**Task brief:** The full listing is to be returned exactly as given, but without pictures.

**Stored data:**
***
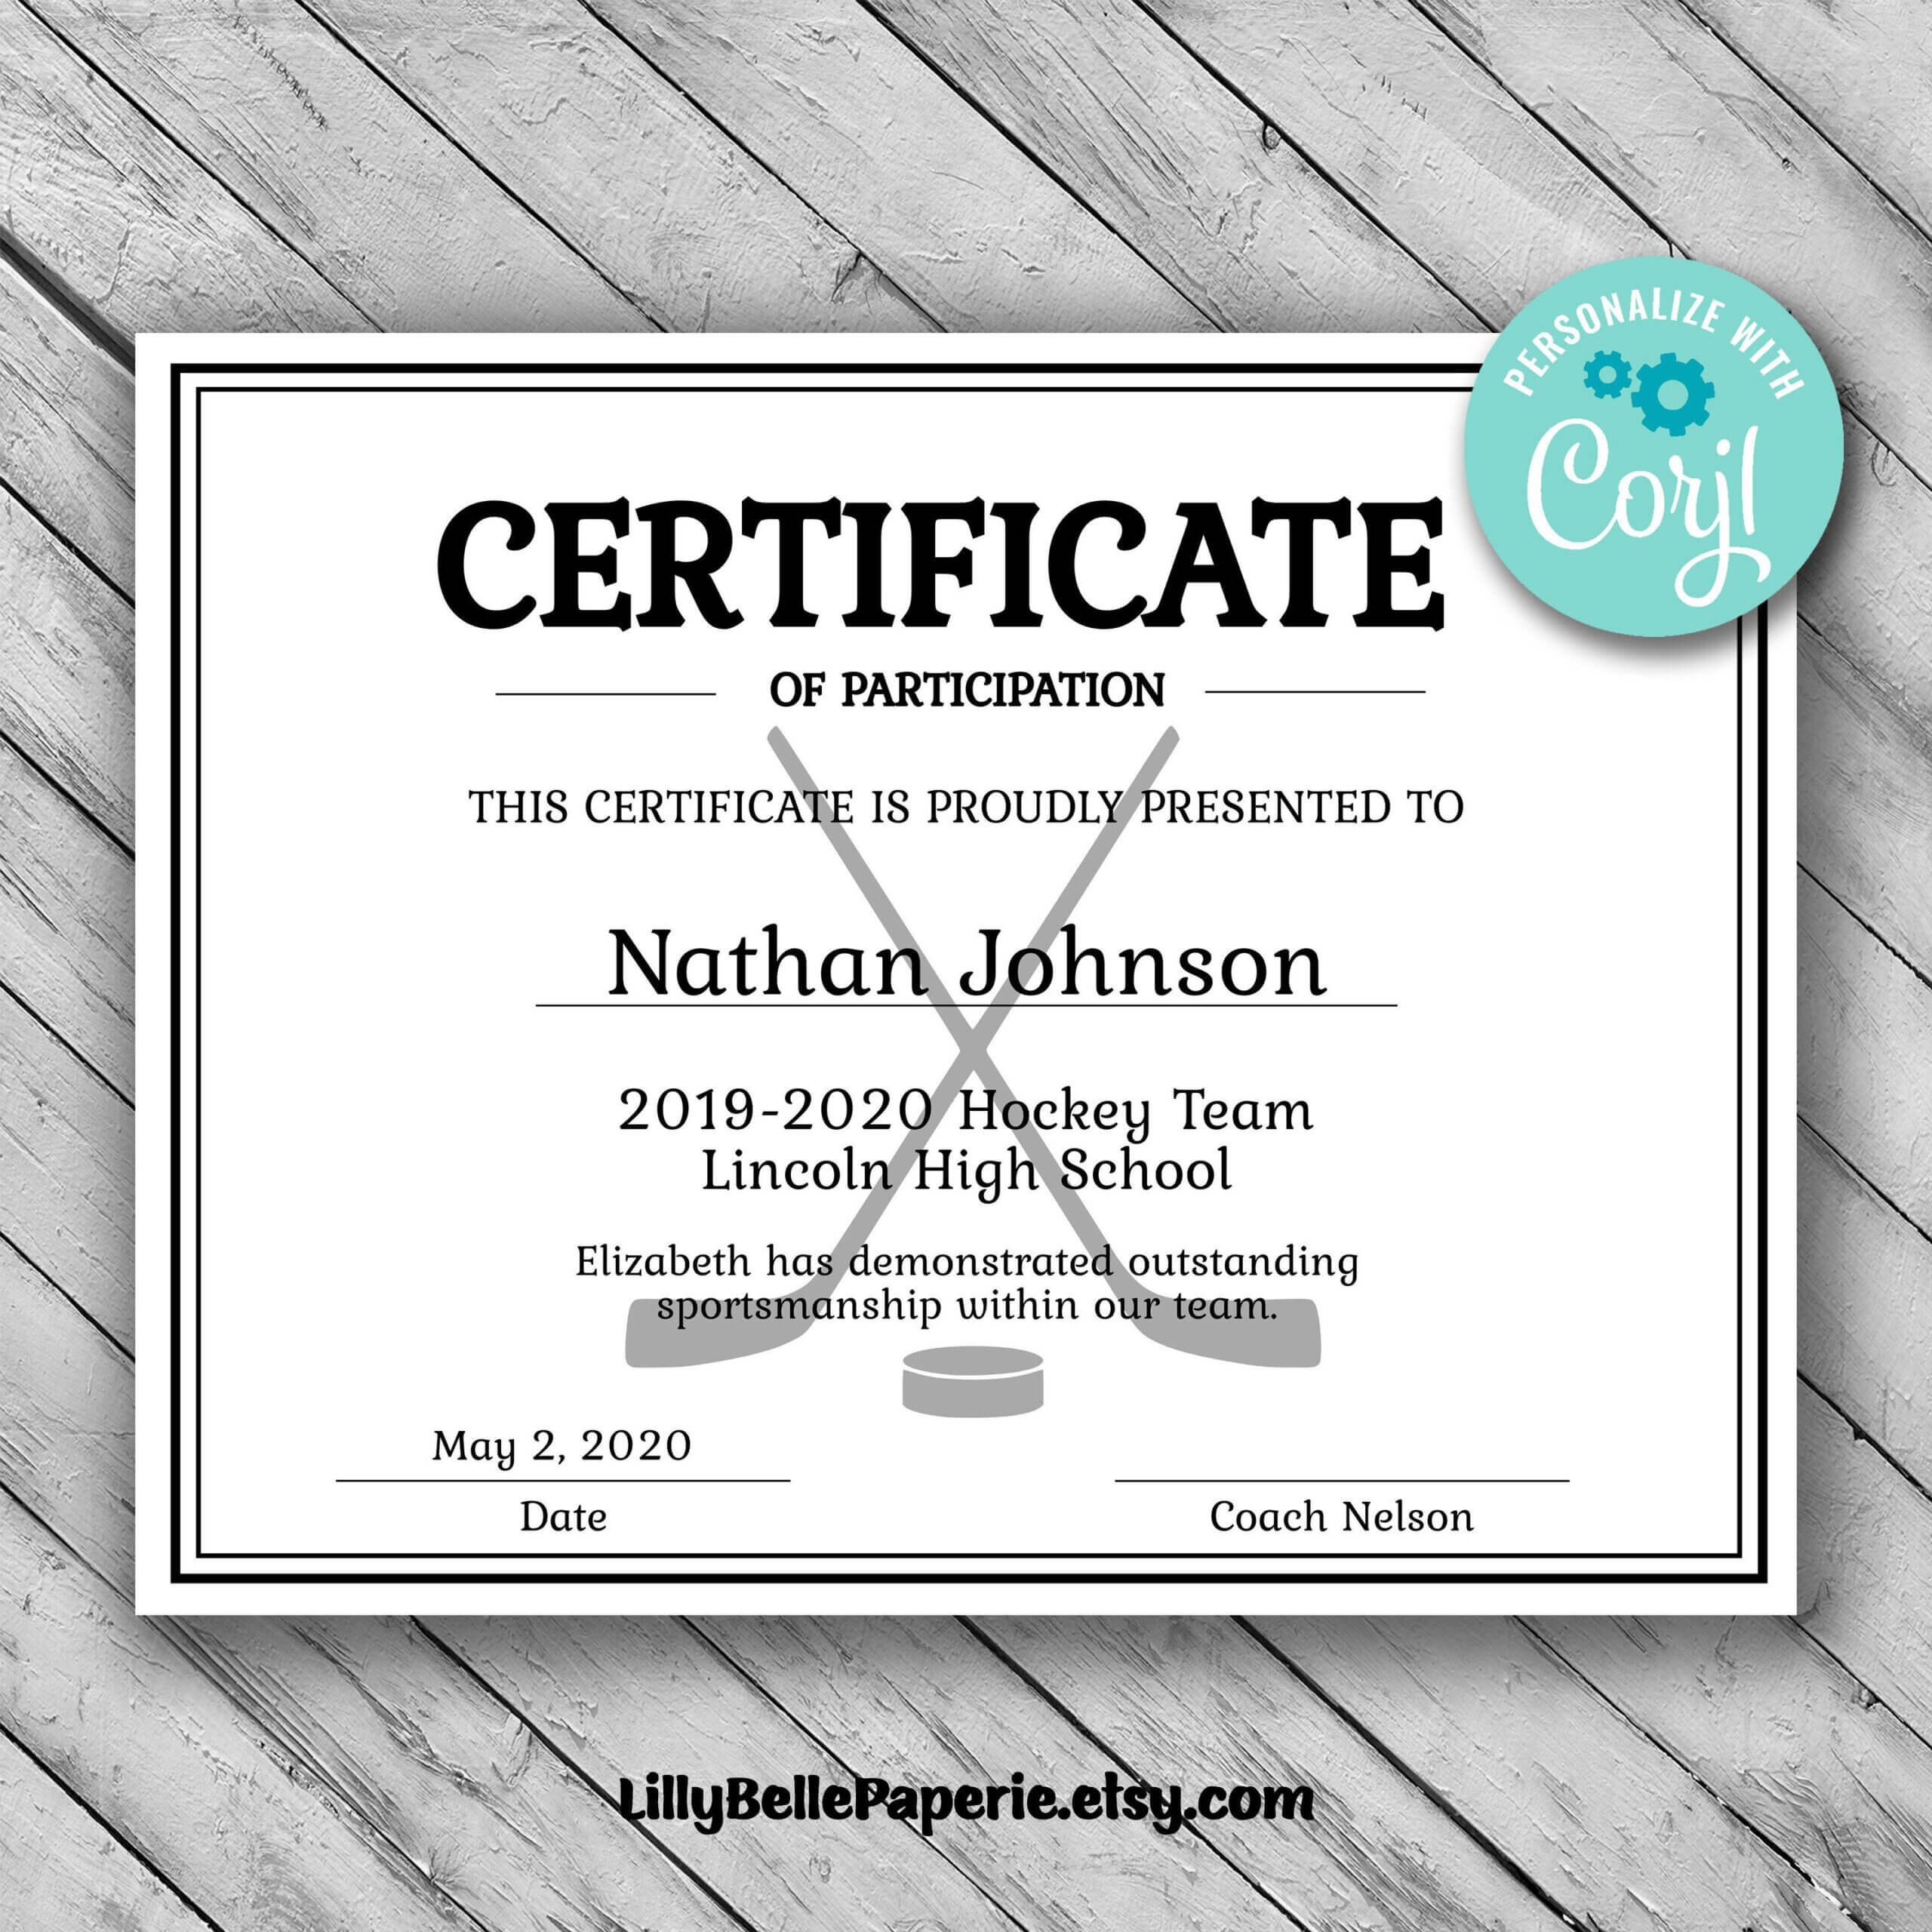 Editable Hockey Sports Team Certificate Template - Printable With Regard To Hockey Certificate Templates
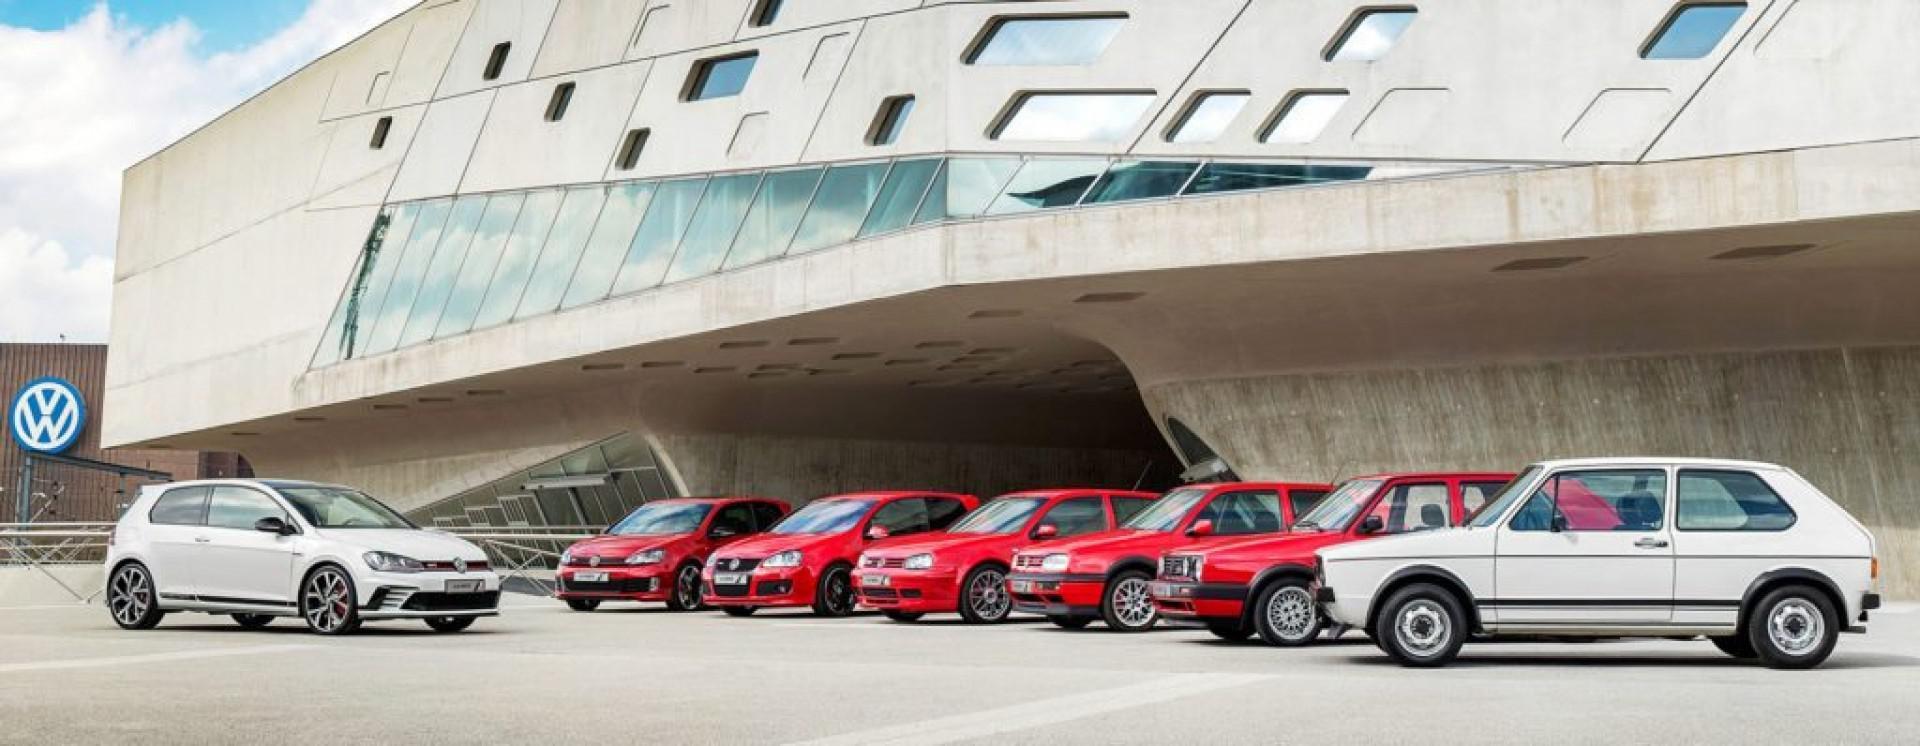 Evolution Rapport poids/puissance : Dossier VW Golf
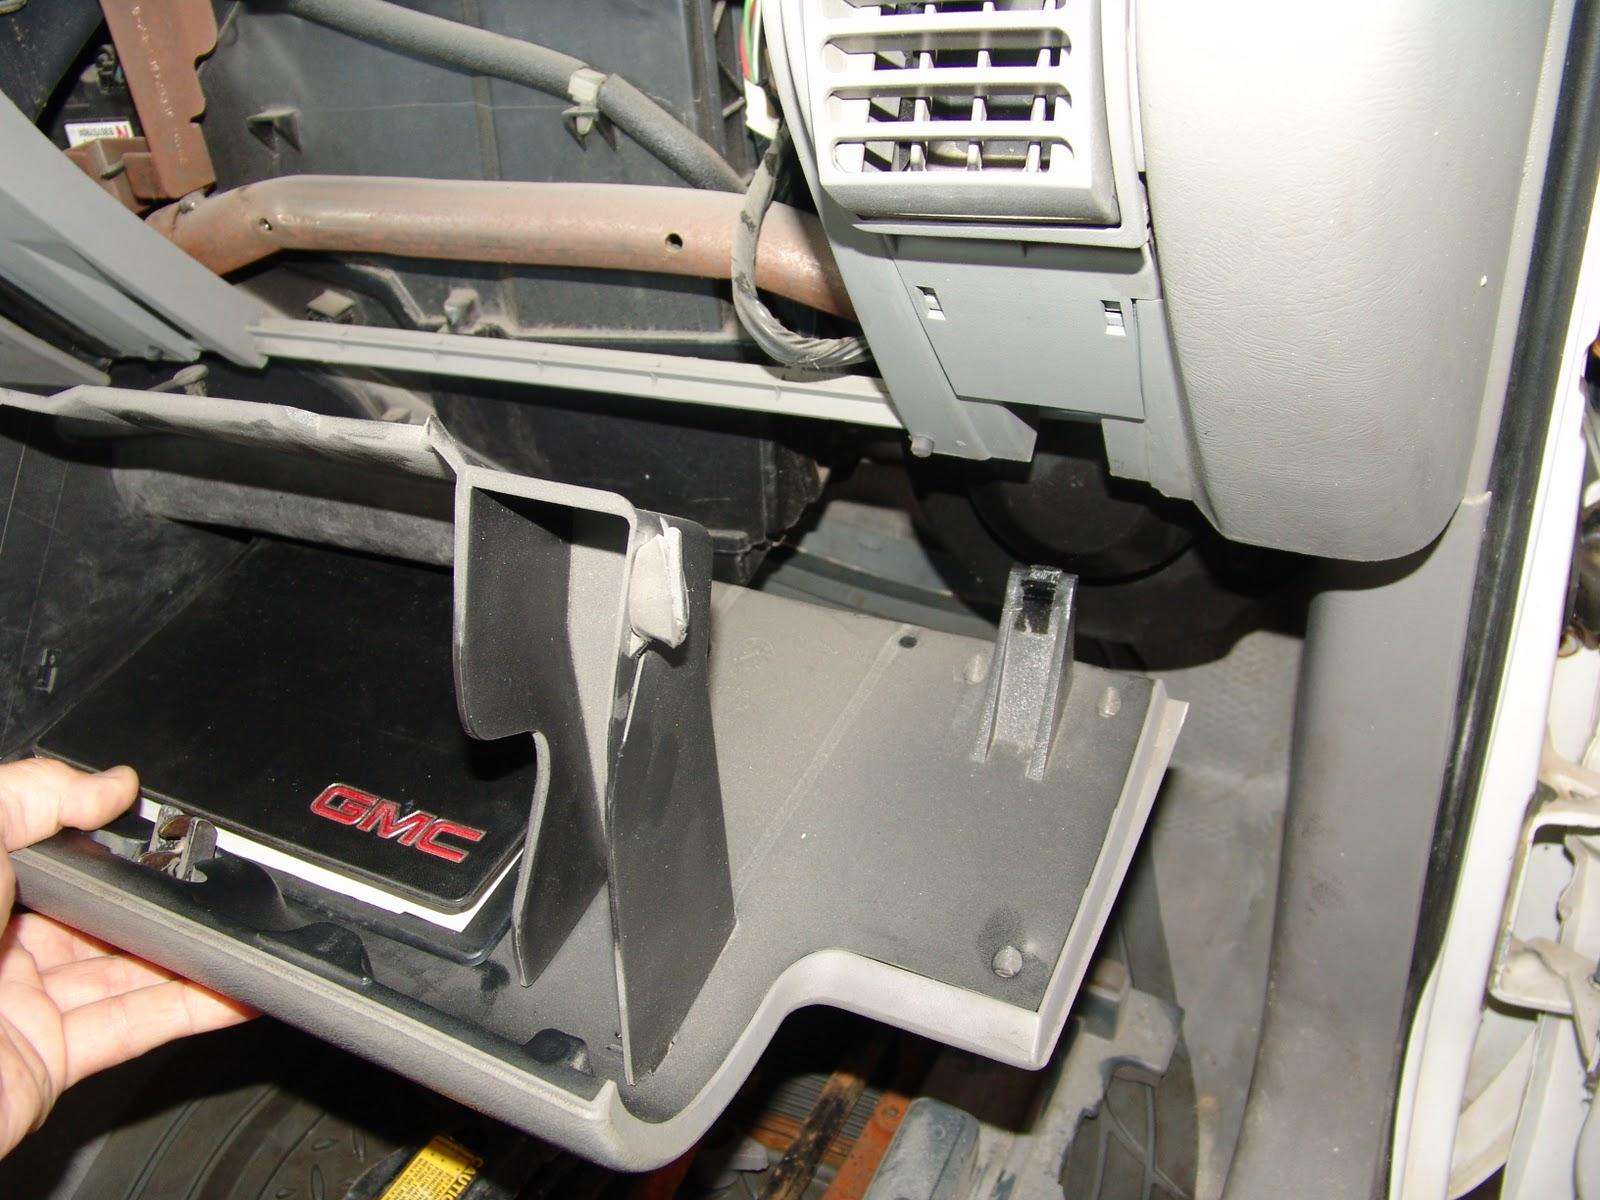 1997 Gmc C1500 Pickup  No Blower Part 2
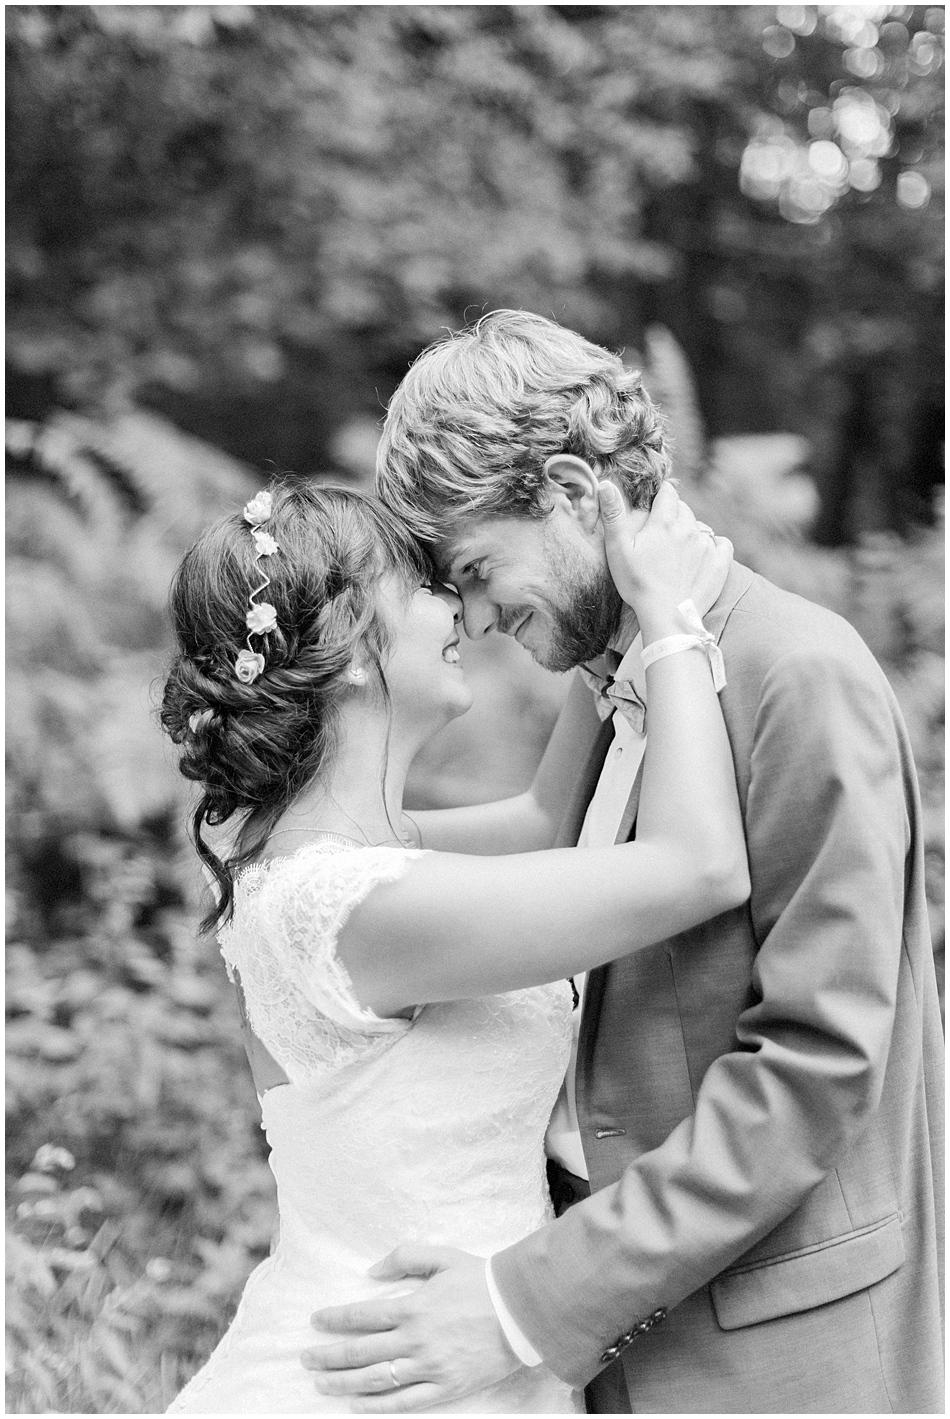 Marie-Alice G-Photographe Mariage France Normandie - Photographe Mariage Manche valognes cherbourg - Wedding Photographer France_0164
***
**Answer to the problem:**
 Editable Hockey Sports Team Certificate Template - Printable With Regard To Hockey Certificate Templates
 Evolution Rapport poids/puissance : Dossier VW Golf
 1997 Gmc C1500 Pickup  No Blower Part 2
 Marie-Alice G-Photographe Mariage France Normandie - Photographe Mariage Manche valognes cherbourg - Wedding Photographer France_0164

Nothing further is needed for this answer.